Task prompt: Below are the records; repeat exactly their lines between the line holding "Bloomington Minnesota slim" and the line holding "Haystack Cookies are", inclusive, skipping the pictures.

Data extract:
━━━━

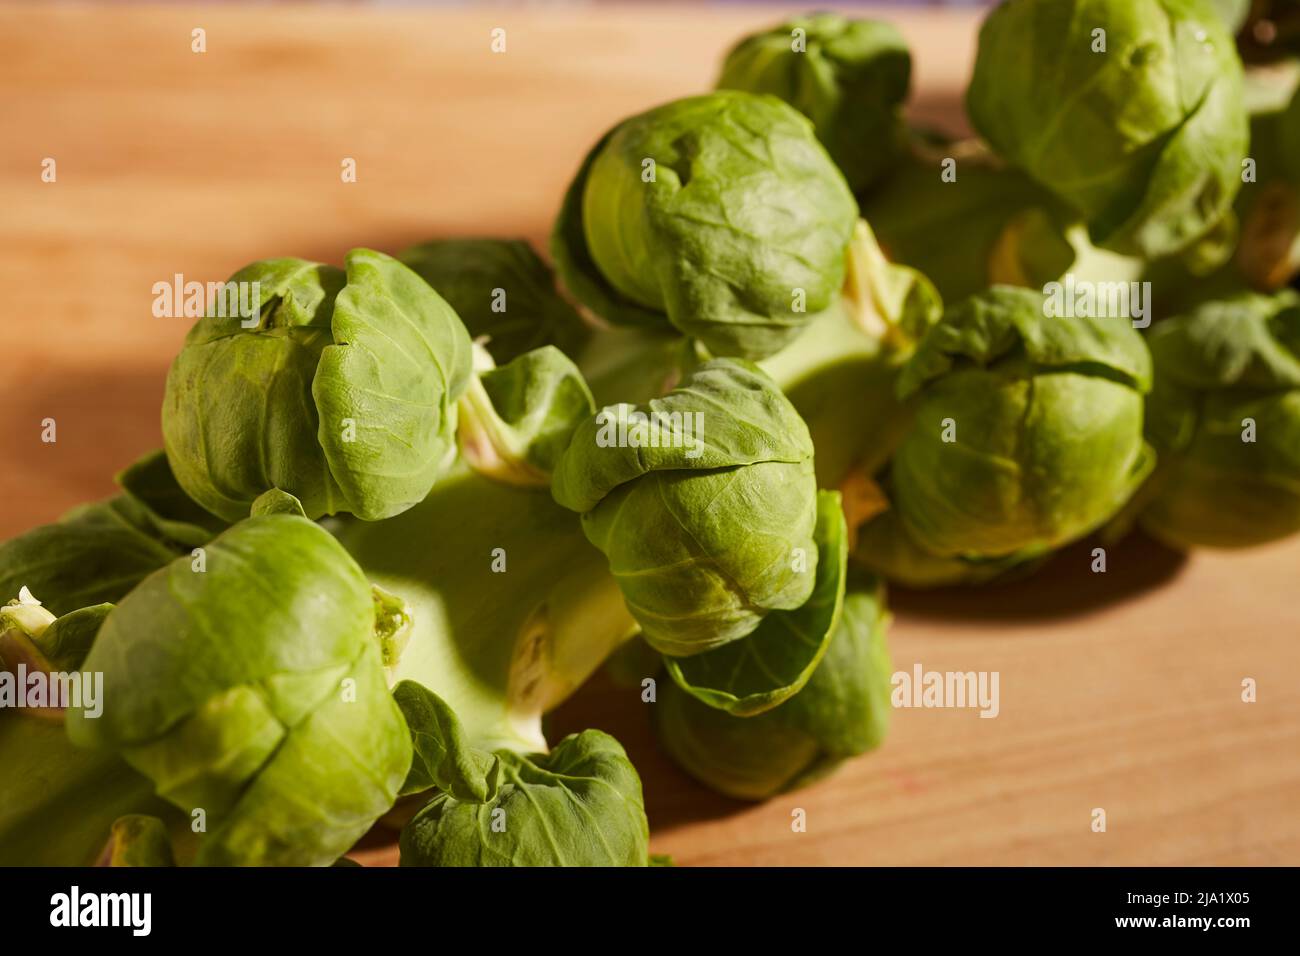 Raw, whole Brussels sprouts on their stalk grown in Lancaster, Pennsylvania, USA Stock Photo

━━━━

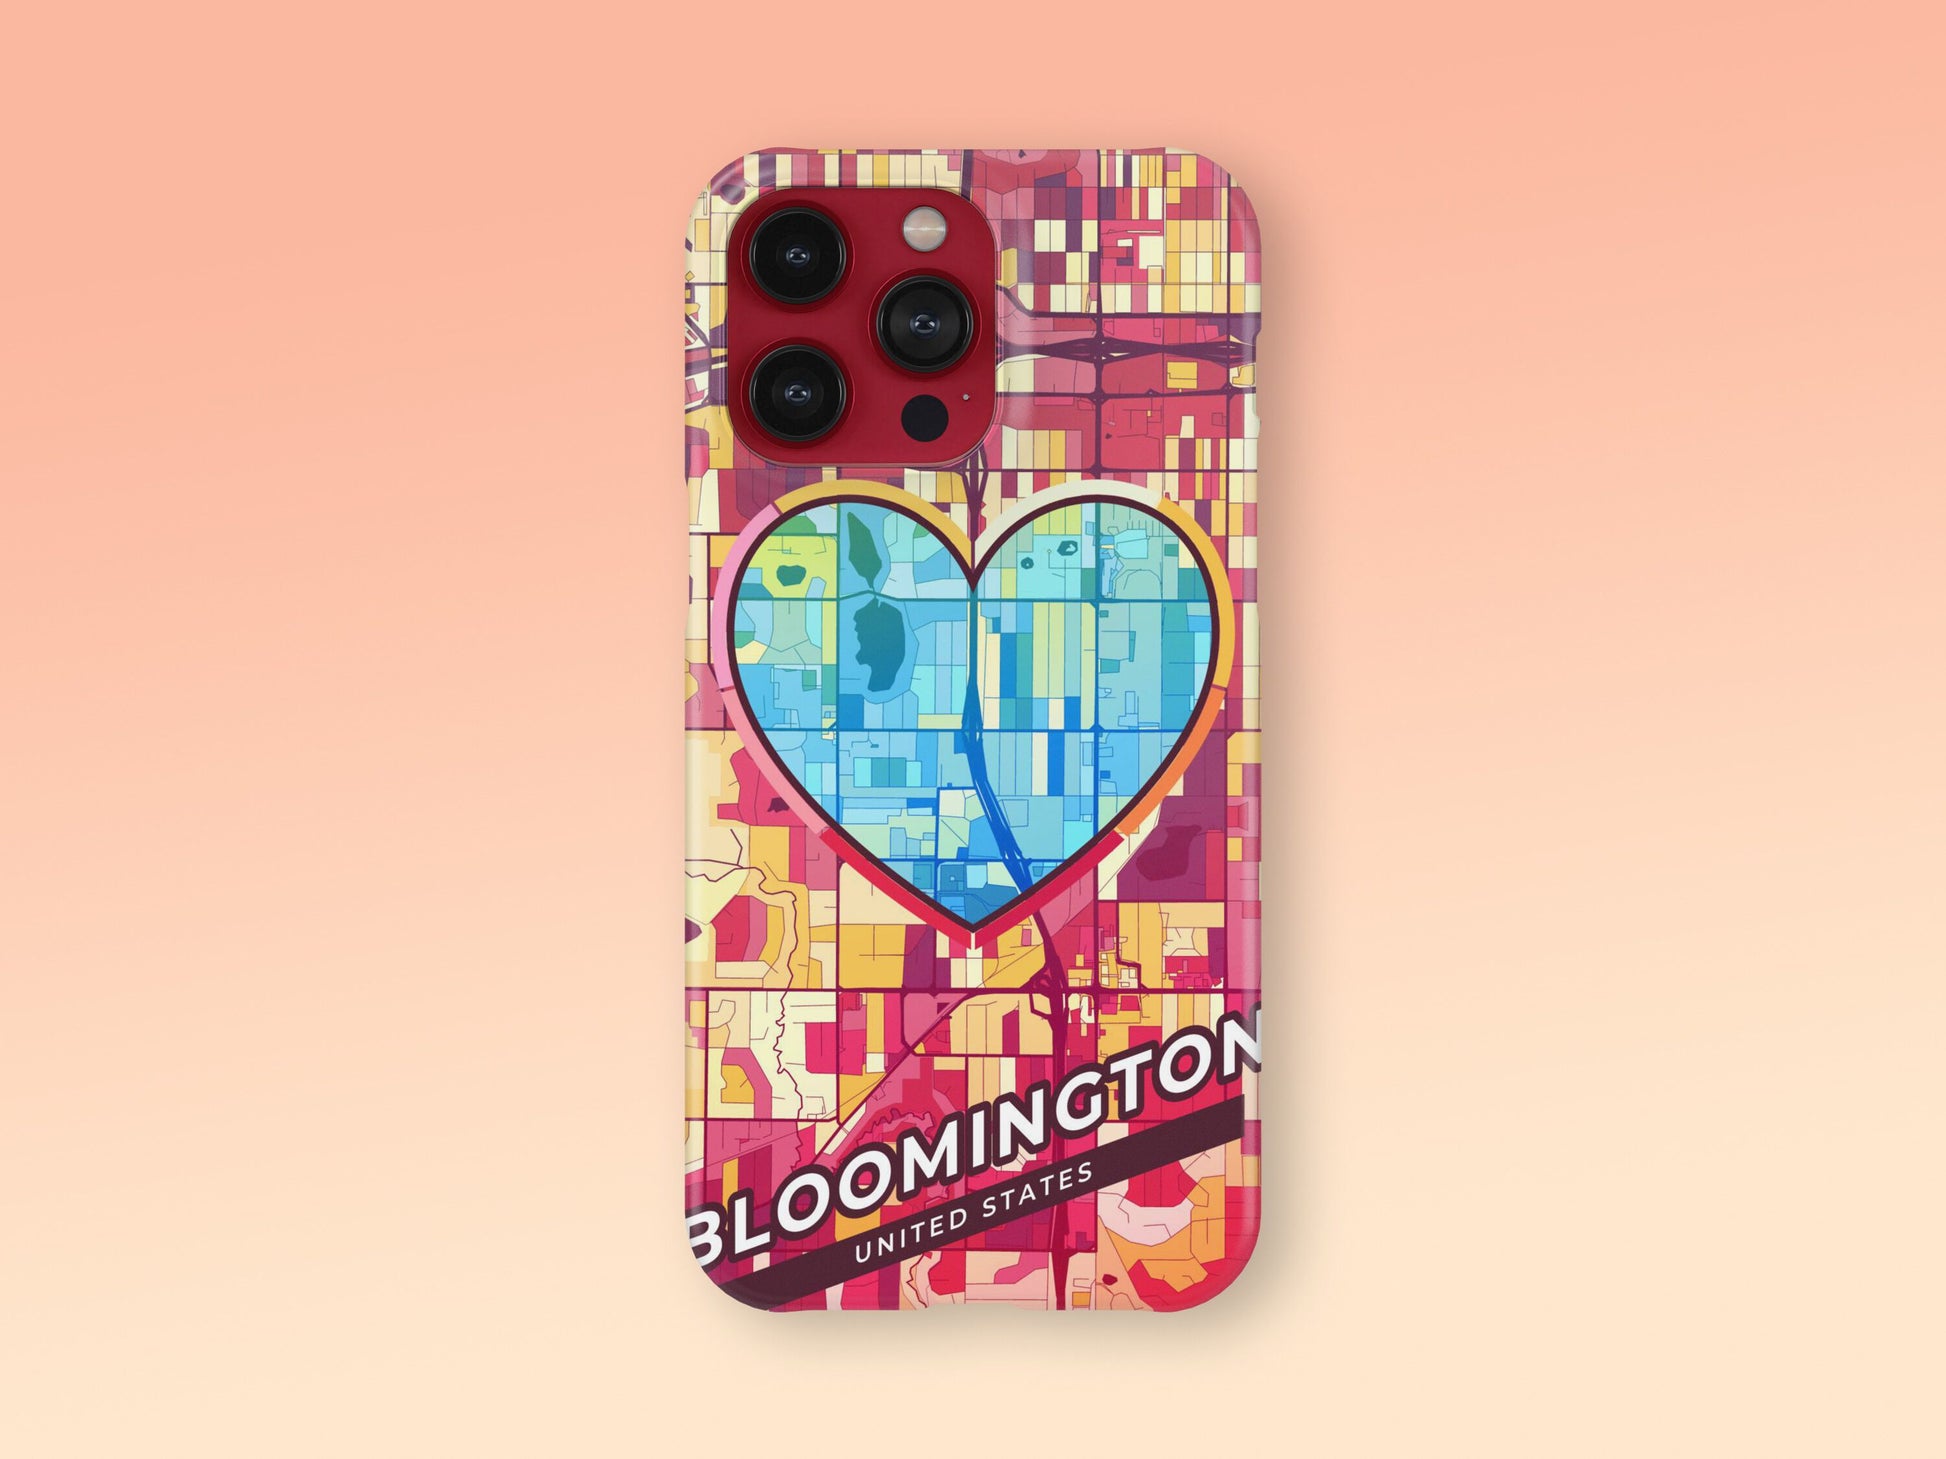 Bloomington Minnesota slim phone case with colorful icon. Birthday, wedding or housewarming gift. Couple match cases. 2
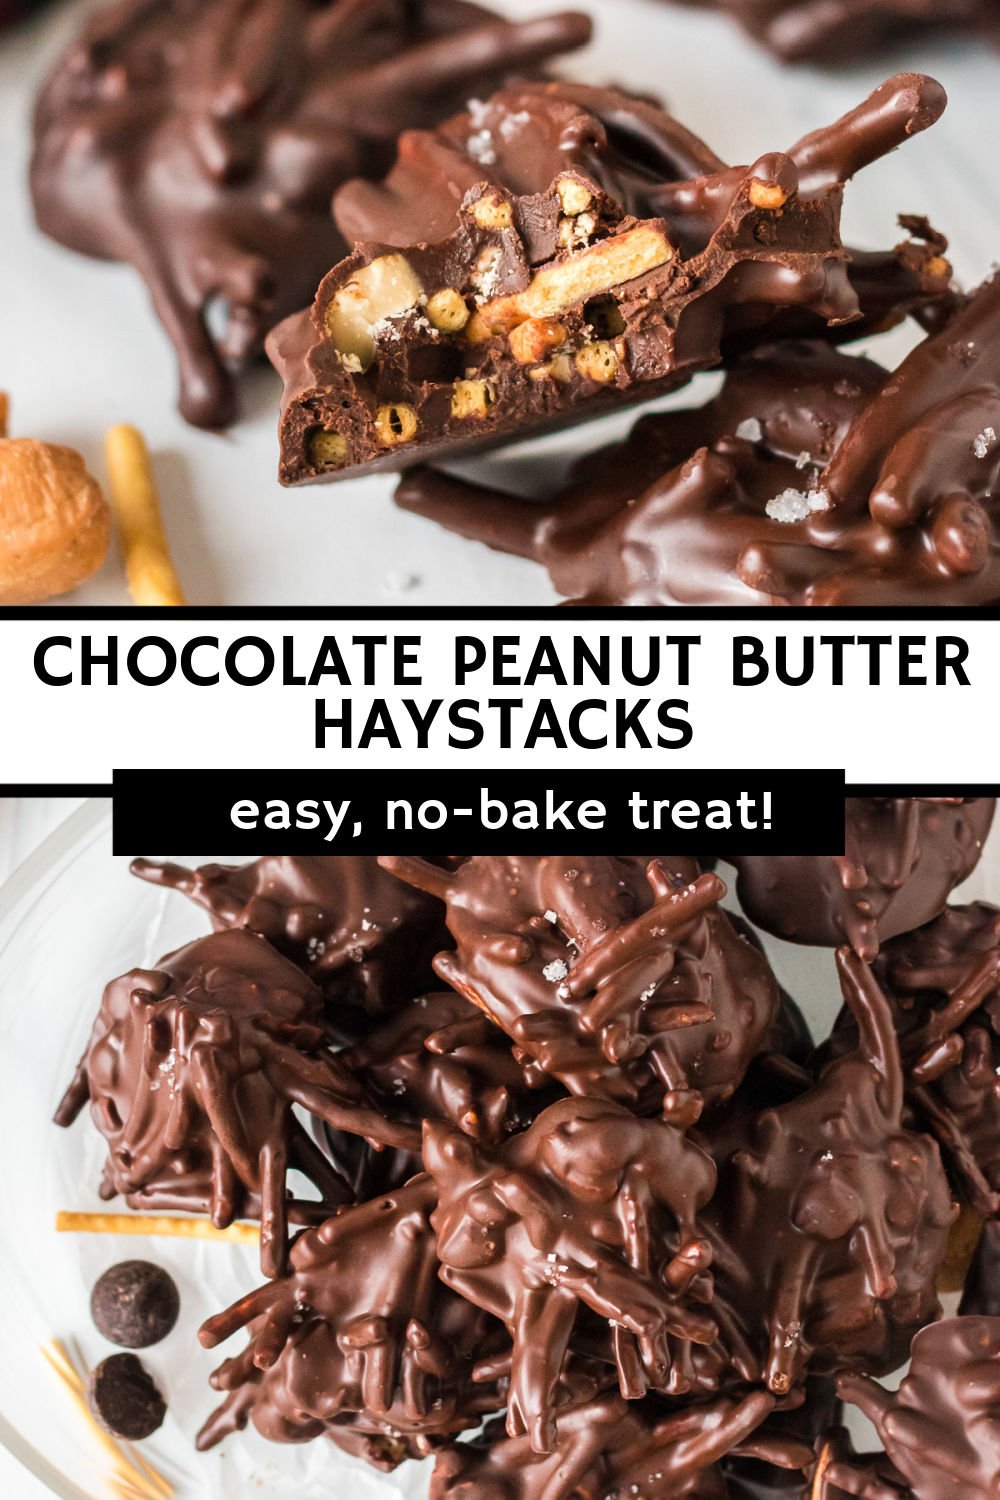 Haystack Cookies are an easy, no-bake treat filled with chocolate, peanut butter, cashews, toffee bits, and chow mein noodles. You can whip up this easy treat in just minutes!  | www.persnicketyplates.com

━━━━

Expected answer:
 Bloomington Minnesota slim phone case with colorful icon. Birthday, wedding or housewarming gift. Couple match cases. 2
 Haystack Cookies are an easy, no-bake treat filled with chocolate, peanut butter, cashews, toffee bits, and chow mein noodles. You can whip up this easy treat in just minutes!  | www.persnicketyplates.com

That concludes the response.